Sim, a notícia de que ele morreu é um choque. Estava com 82 anos, mas parecia saudável, acabava de lançar um novo disco, You Want it Darker agora em outubro. Quando Mary foi vê-lo em Dublin, com Andrea, em 2013, ele saltitava feliz como uma criança no palco, de onde só saiu após quase 3 horas de show maravilhoso, que eu, pateta, imbecil, não vi por causa da bola de ferro amarrada a meu pé.

Mas parecia que ele intuía, que ele sabia: “I’m ready, my Lord”, diz, na faixa que tem o nome do novíssimo álbum. Estou pronto, meu Senhor.

 “If you are the dealer, I’m out of the game

If you are the healer, it means I’m broken and lame

If thine is the glory then mine must be the shame

You want it darker

We kill the flame

Magnified, sanctified, be thy holy name

Vilified, crucified, in the human frame. (…)

I’m ready, my Lord.”

(Se você é o crupiê, estou fora do jogo. Se você é o curador, então estou quebrado e manco. Se vossa é a glória, então minha deve a vergonha. Você quer mais escuro, nós matamos a chama. Magnificado, santificado seja vosso sagrado nome. Vilificado, crucificado, no corpo humano. Estou pronto, meu Senhor.)

Gilberto Gil uma vez escreveu que, se quisesse falar com Deus, teria que ficar a sós, apagar a luz. Leonard Cohen falava com Deus diante dos holofotes, diante dos fãs, abertamente:

I asked my father,

I said, “father change my name.

The one I’m using now it’s covered up

With fear and filth and cowardice and shame. (…)

He said, “I locked you in this body,

I meant it as a kind of trial.

You can use it for a weapon,

Or to make some woman smile.” (…)

“then let me start again, ” i cried,

“please let me start again,

I want a face that’s fair this time,

I want a spirit that is calm.”

(Eu pedi a meu pai, “pai, mude meu nome. O que eu estou usando agora está coberto de medo e sujeira e covardia e vergonha”. E ele disse: “Tranquei você nesse corpo como uma espécie de provação. Você pode usá-lo como uma arma, para fazer alguma mulher sorrir.” E eu gritei: “Então me deixe começar de novo. Quero um rosto que seja belo desta vez, quero um espírito que seja calmo”.)

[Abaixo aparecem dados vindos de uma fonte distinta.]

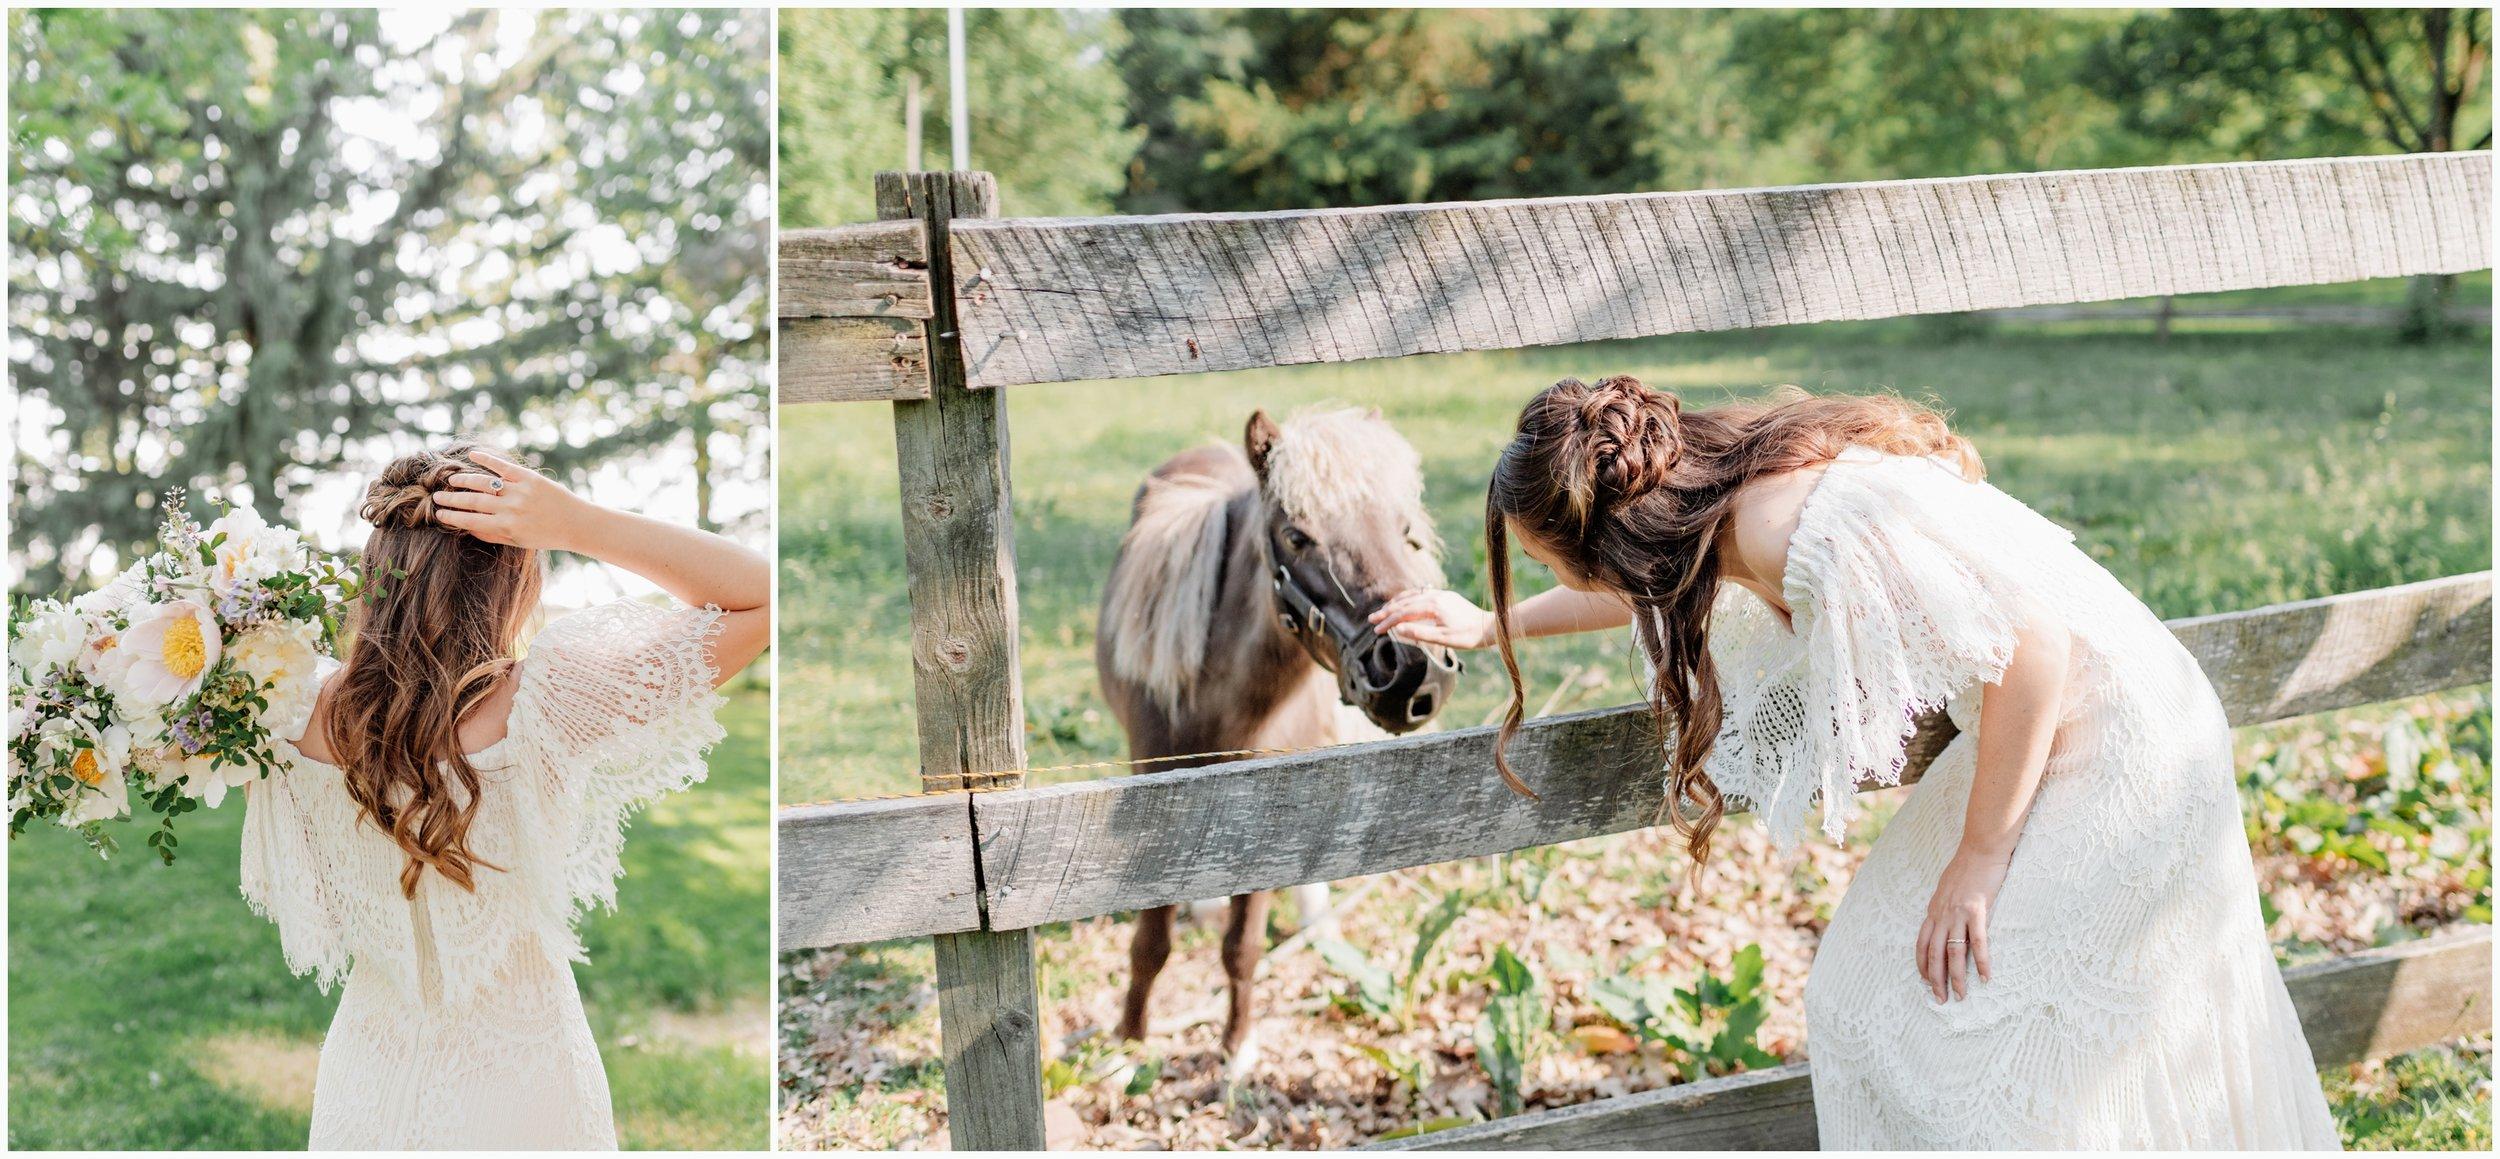 LaurenAndrewBarnAtForestvilleSharynFrenkelPhotography047.jpg

Meu Deus do céu e também da terra, que beleza, que imensa beleza há nesta exclamação de dor: I want a face that’s fair this time, I want a spirit that is calm.”

***

O Deus de Leonard Cohen deu a ele um rosto belo, um corpo esbelto – que ele sempre vestiu com imensa elegância –, mas ele gostava de brincar que era feio. No mesmo disco de 1974 – New Skin for the Old Cerimony – em que gravou “Lover lover lover”, dos versos logo acima, ele canta também “Chelsea Hotel #2”:

I remember you well in the Chelsea Hotel

You were famous, your heart was a legend.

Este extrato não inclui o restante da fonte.